ARTICLE I
NAME
The name of this organization shall be Nonprofit Resources, Incorporated,
hereinafter referred to as "NRI".
ARTICLE II
PURPOSE
NRI's purpose is to strengthen the capacity of Arkansas nonprofit organizations
to fulfill their missions.
ARTICLE III
MEMBERSHIP
Section 1. NRI is a membership organization. Full membership is open
to any nonprofit organization in Arkansas. Individuals and other organizations
in Arkansas may join as associate members. NRI's board of directors is empowered
to establish dues for full and associate membership status.
Section 2. A regular meeting of full members shall be held annually
within the first six months of the calendar year for the purpose of electing
directors; receiving reports of board officers, board committees, and the
executive director; and for any other business that may arise. The meeting
date shall be set by the board of directors.
Section 3. Special meetings of the membership may be called by the
board chair, or by six or more directors, and shall be called by the chair
at the written request of ten or more members of Nonprofit Resources, Inc.

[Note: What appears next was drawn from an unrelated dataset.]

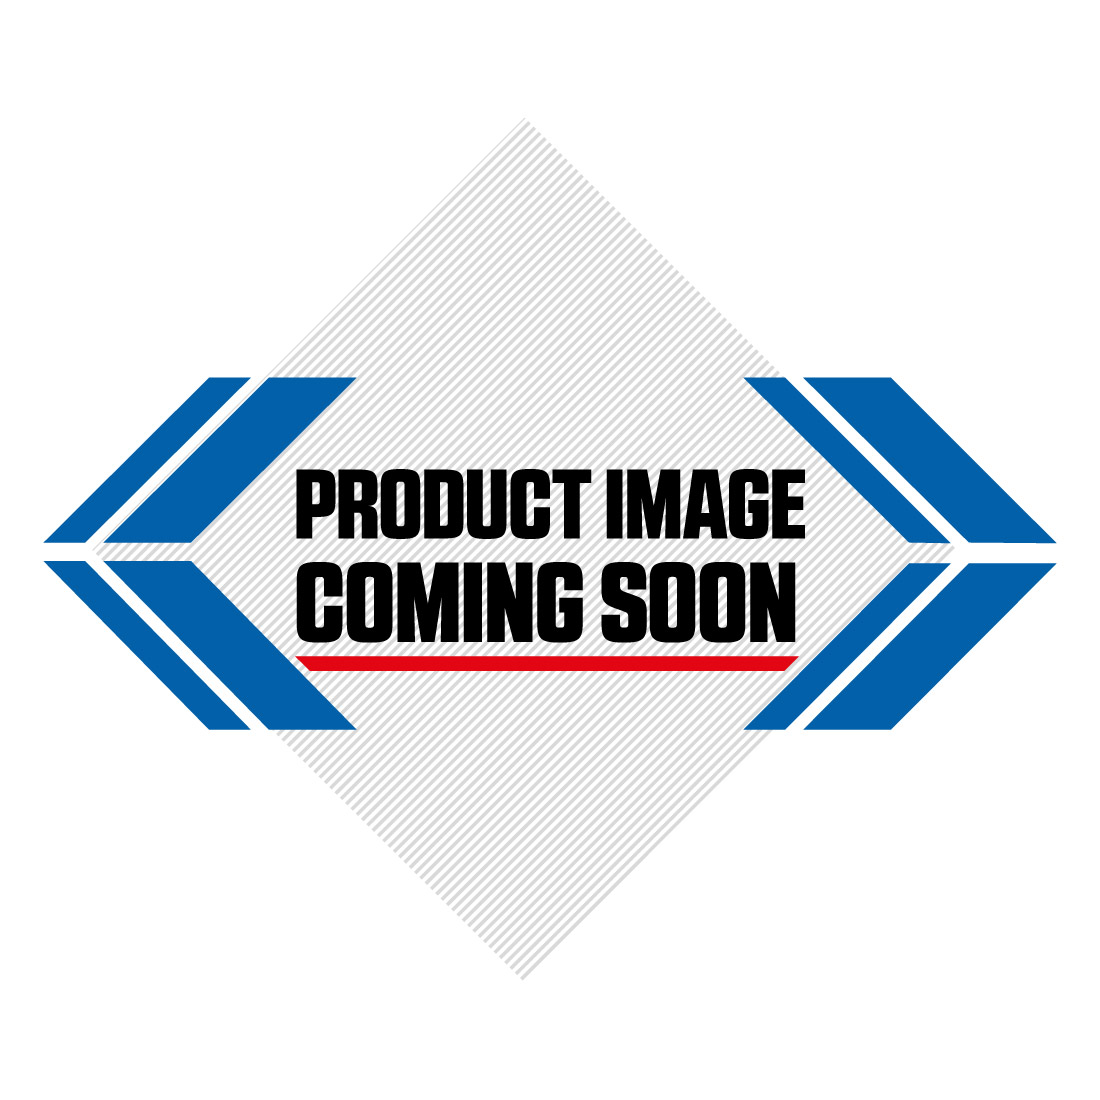 UFO KTM Plastic Kit SX 125 150 250 SXF 250 350 450 (16-18) OEM 16 Image-1>

The purpose of the meeting shall be stated in a written notice to all members,
and such notice shall be provided at least one week in advance of the special
meeting.
Section 4. Those members in attendance at any meeting, shall constitute
a quorum.
ARTICLE IV
BOARD OF DIRECTORS
Section 1. NRI shall be governed by a board of not fewer than sixteen
and no more than twenty-two directors. At least six directors shall be selected
from NRI membership.
Section 2. When there are vacancies on the board, a slate of candidates
for election to the board shall be approved by the board for presentation
to the membership for approval at the annual meeting. The slating process
(Article VIII, Section 4) shall provide an opportunity for the membership
to suggest candidates to be considered for slating, but nominations for
director from the floor at the membership meeting shall not be in order.

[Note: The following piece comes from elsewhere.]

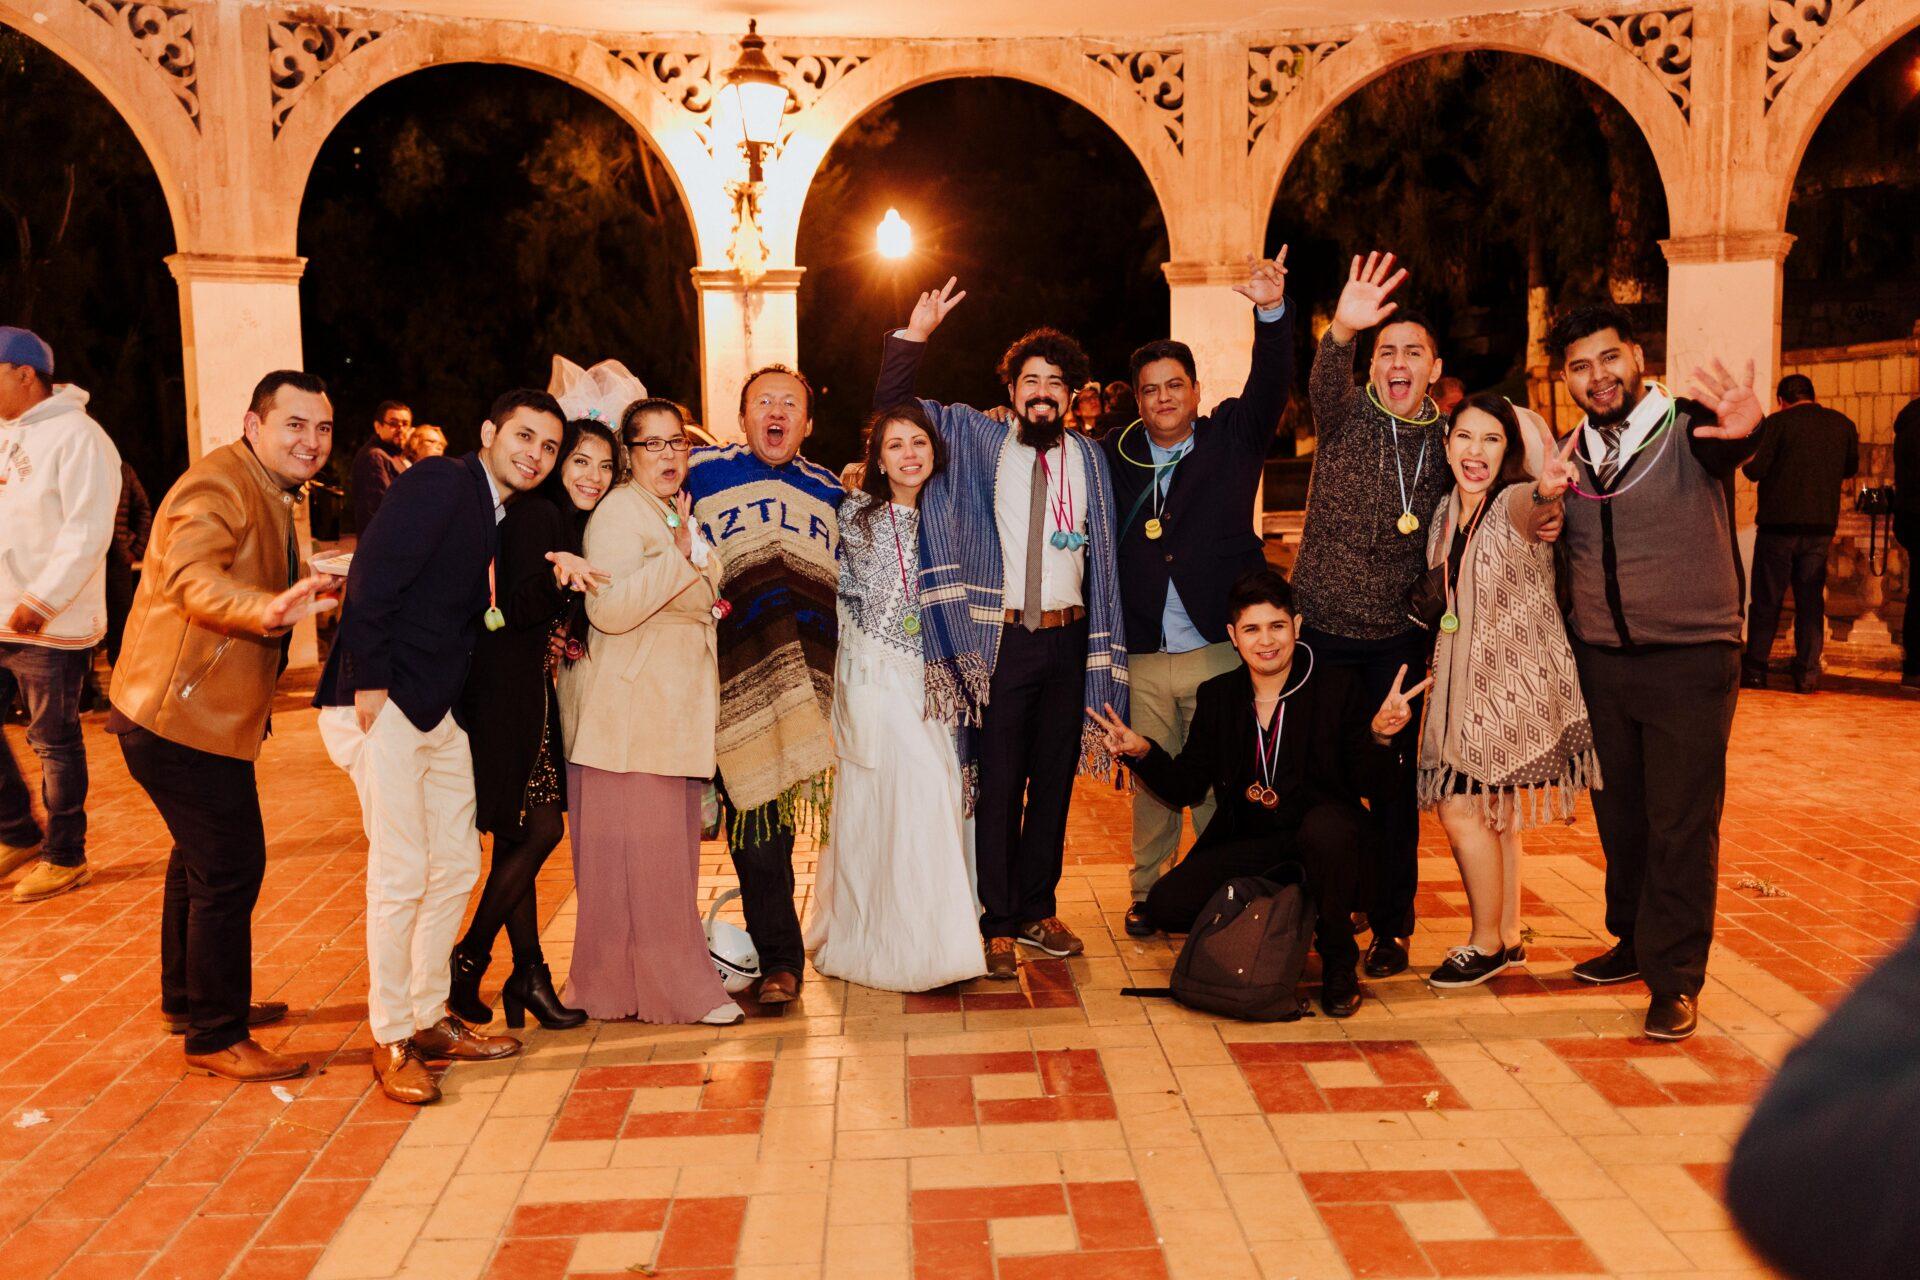 javier_noriega_fotografo_bodas_la_mina_club_zacatecas_wedding_photographer49

Section 3. No director shall receive compensation for service on
the board. The board may provide that directors shall be reimbursed for
expenses they incur in the course of their service on the board.
Section 4. The board shall determine policies for NRI's management
and programs.
Section 5. Any director, officer, or agent of NRI may be removed
by the board. A person so affected may appear or be represented at a meeting
of the board. Removal shall require a two-thirds majority vote by the directors
present.
Section 6. Absence by a director from three consecutive meetings
of the board shall constitute a resignation, and no further action of the
board shall be required.
Section 7. In the event of an irregular vacancy on the board, the
board, at it's discretion, may appoint someone to fill the vacancy until
the next scheduled election of directors.
ARTICLE V
MEETINGS OF THE BOARD OF DIRECTORS
Section 1. The board shall meet at least once per quarter.

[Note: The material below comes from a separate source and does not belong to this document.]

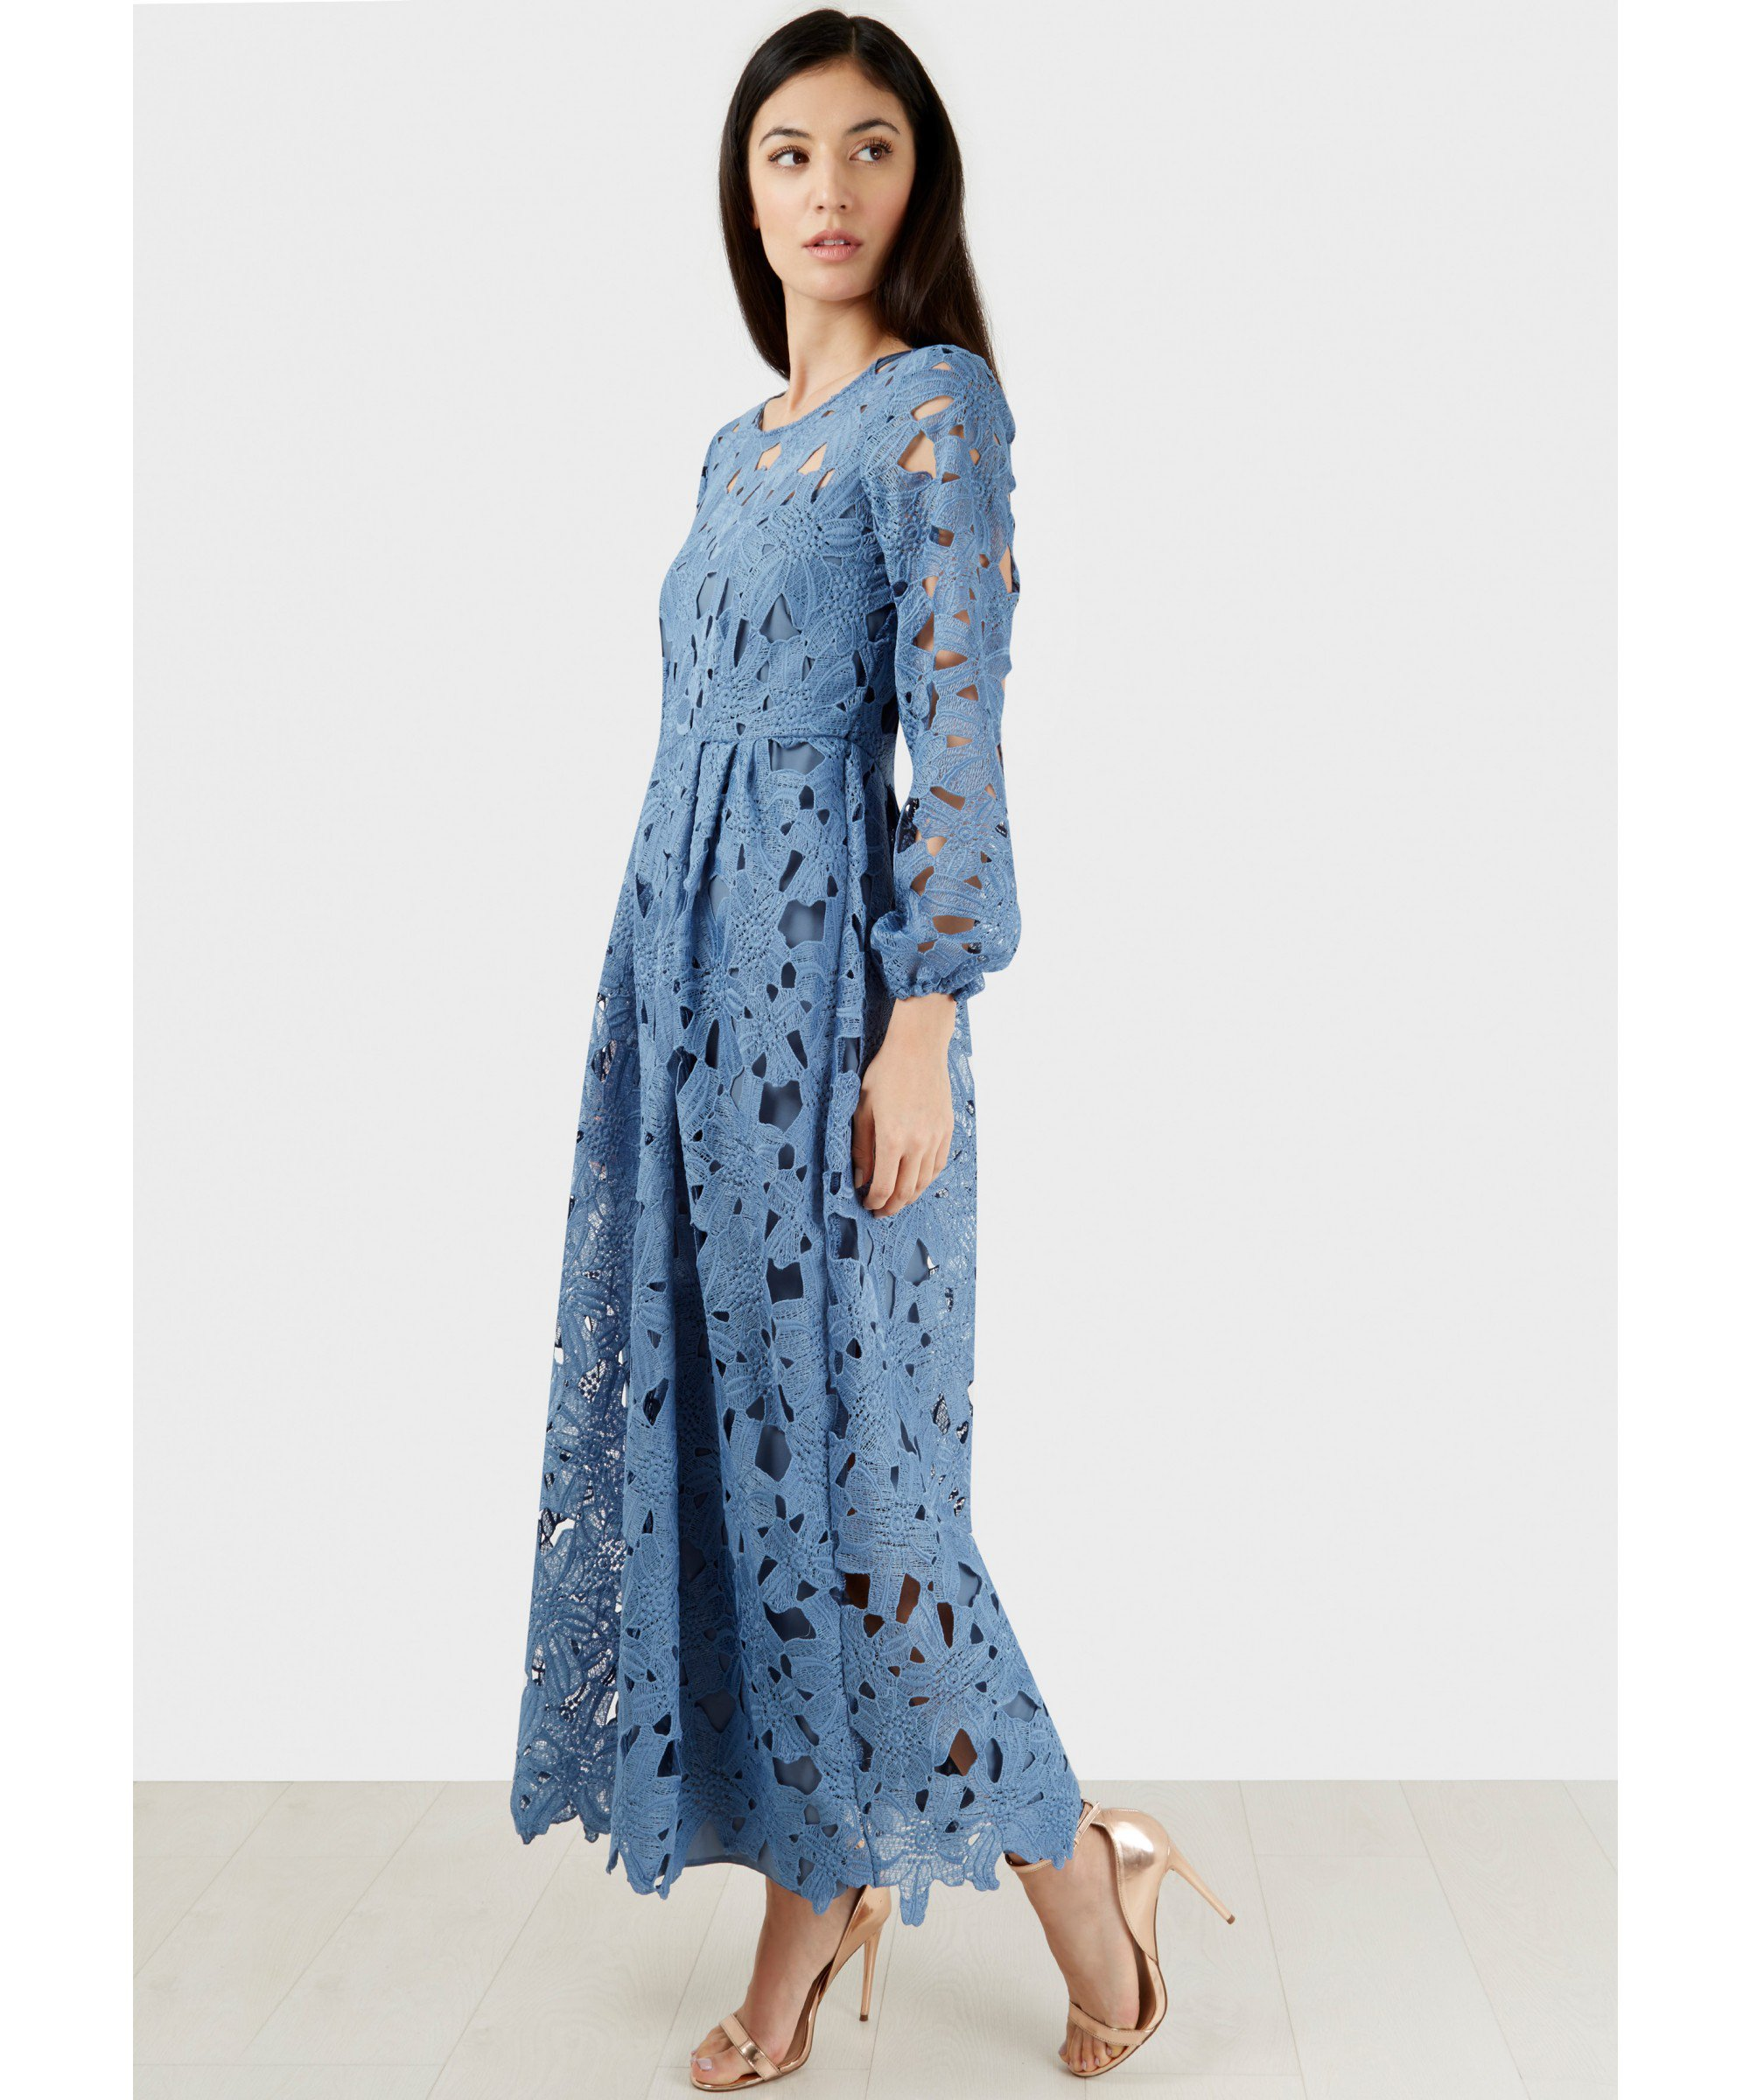 Full sleeve maxi dress uk

Section 2. Special meetings of the board may be called by the chair
or by a majority of the executive committee, and shall be called by the
chair at the written request of six or more directors, except as provided
in Article VIII, Section 1.b.
Section 3. At any meeting of the board or one of it's committees,
a majority of the directors actually serving on the board or committee at
the time of the meeting shall constitute a quorum for the
transaction of business. Teleconferencing or other technologies that allow
a board member to participate in real time are considered acceptable alternatives
to in person attendance.
Section 4. The board shall act by a majority vote on all questions
except those which have been specifically designated in the bylaws as requiring
more than a simple majority. No vote by proxy shall be allowed.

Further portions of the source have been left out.